Notice, on the left-hand side down below, we're focusing in on the blood vessel before the injury, and so you can see this is how it might look. And then on the right side, we're focusing in on what the blood vessel looks like immediately after injury. Notice that here we have some damage to the blood vessel wall, and notice that some blood is actually escaping, and this person would actually be bleeding. Immediately after the injury, vascular spasm would occur. Vascular spasm is going to be contraction or the vasoconstriction of the damaged blood vessel. Notice here the arrows represent the constriction of the blood vessel walls. And, notice that the diameter is actually narrowing down, and that reduces the blood flow to the damaged site, which reduces how much blood is actually lost from the damaged site.

Again, vascular spasm can occur for long periods of time, and that helps to buy enough time for the next two steps of hemostasis to occur. This here concludes our brief lesson on vascular spasm. In our next video, we'll be able to talk more about the second step of hemostasis, which is platelet plug formation. So I'll see you all there.

So here we have a pretty straightforward example problem that tells us that damaged endothelial cells release peptide hormones called endothelins, which help to initiate vascular spasm. Considering this, what is the primary effect of endothelins? And we've got these 4 potential answer options down below. Now although we did not talk about endothelins directly in our last lesson video, we can use the information in this problem to solve it. And so we need to highlight the fact that endothelins are going to help initiate vascular spasm, and so whatever the primary effect of endothelin is, it must help initiate vascular spasm. We know from our last lesson video that vascular spasm has to do with the contraction or vasoconstriction of damaged blood vessels. And so notice option B says vasoconstriction, and that is actually going to be the correct answer to this example problem, so we can indicate B is correct.

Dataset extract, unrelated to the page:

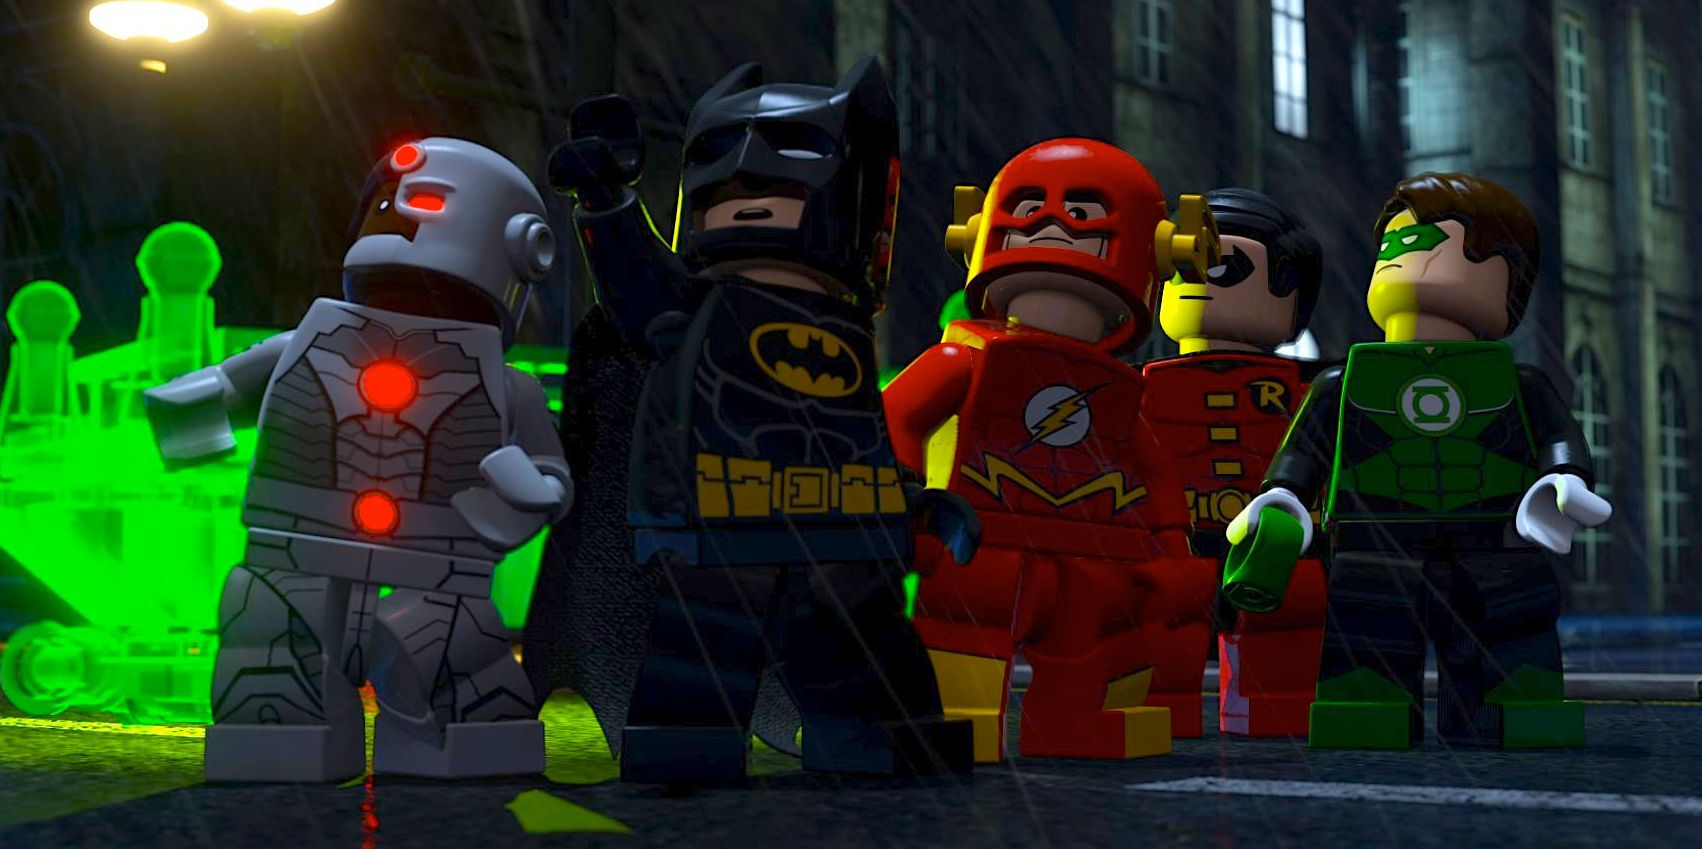 Box Office: The LEGO Movie destroys it's competition for the third straight weekend
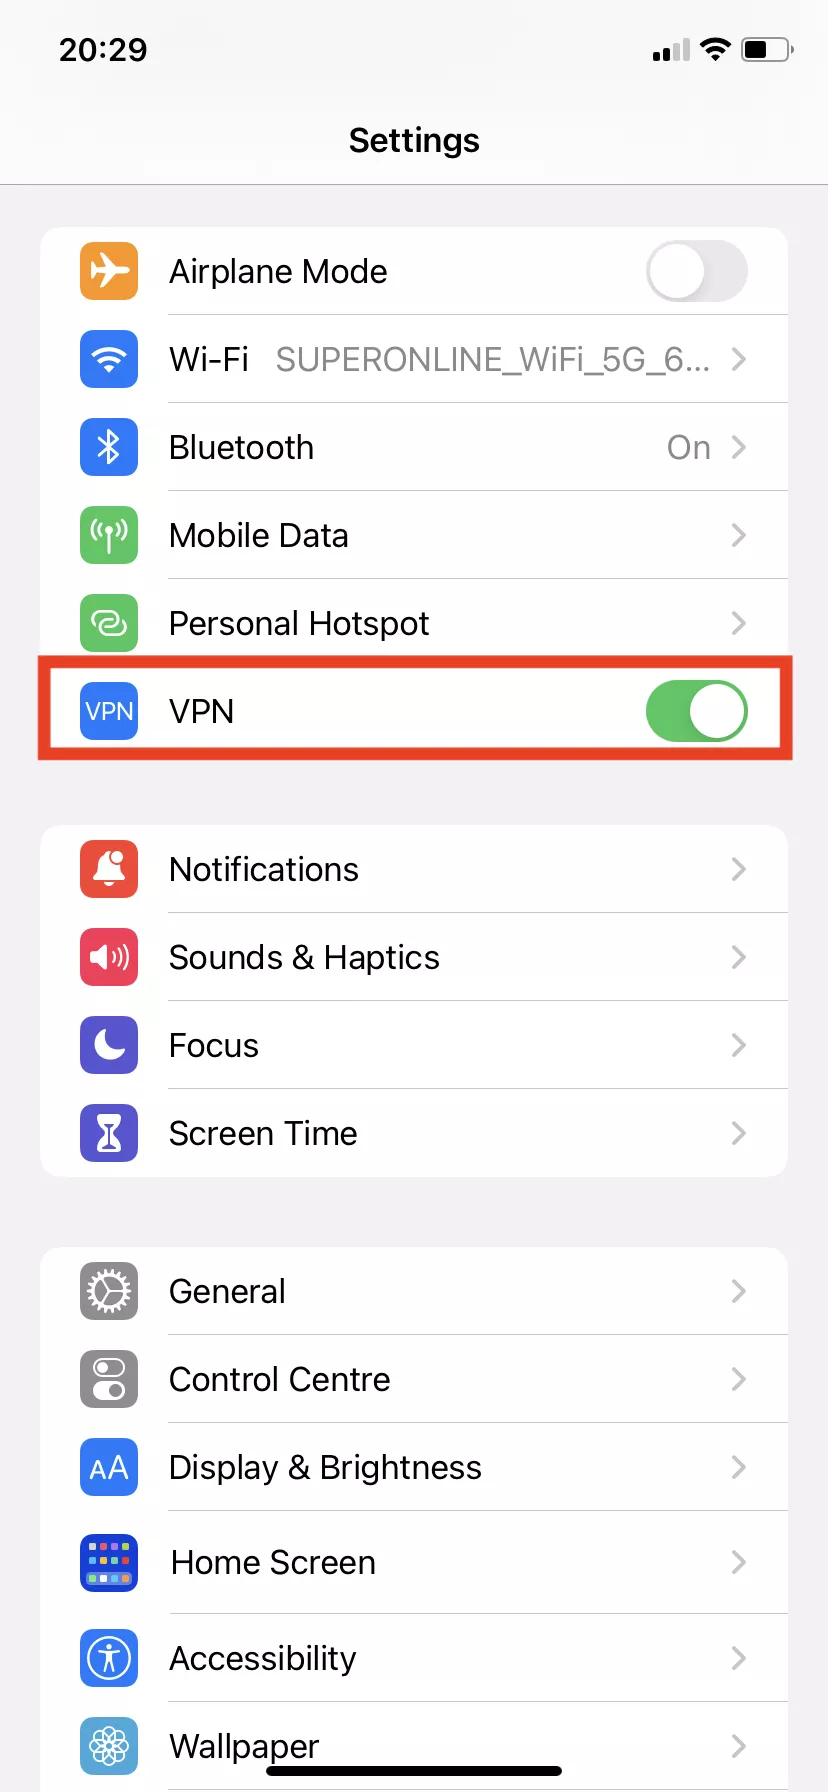 Can you change VPN on iPhone?

Now, option A says vasodilation, which is the exact opposite of vasoconstriction, where the blood vessels are going to enlarge their diameter. But that is not going to be the case for vascular spasm, and that's why we can eliminate answer option A. Option C says platelet aggregation, but platelet aggregation is going to be something that occurs in step 2 of hemostasis, which is the platelet plug formation. It is not necessarily something that is going to occur with vascular spasm, and so for that reason, we can eliminate answer option C. And option D says increased blood pressure, and although increased blood pressure may be an indirect result of vasoconstriction, the function of vascular spasm is not necessarily to increase blood pressure, but it is to vasoconstrict. And so for that reason, the primary effect of endothelin is not going to be to increase blood pressure. It is to vasoconstrict. And so option B is the correct answer to this problem, and I'll see you all in our next video.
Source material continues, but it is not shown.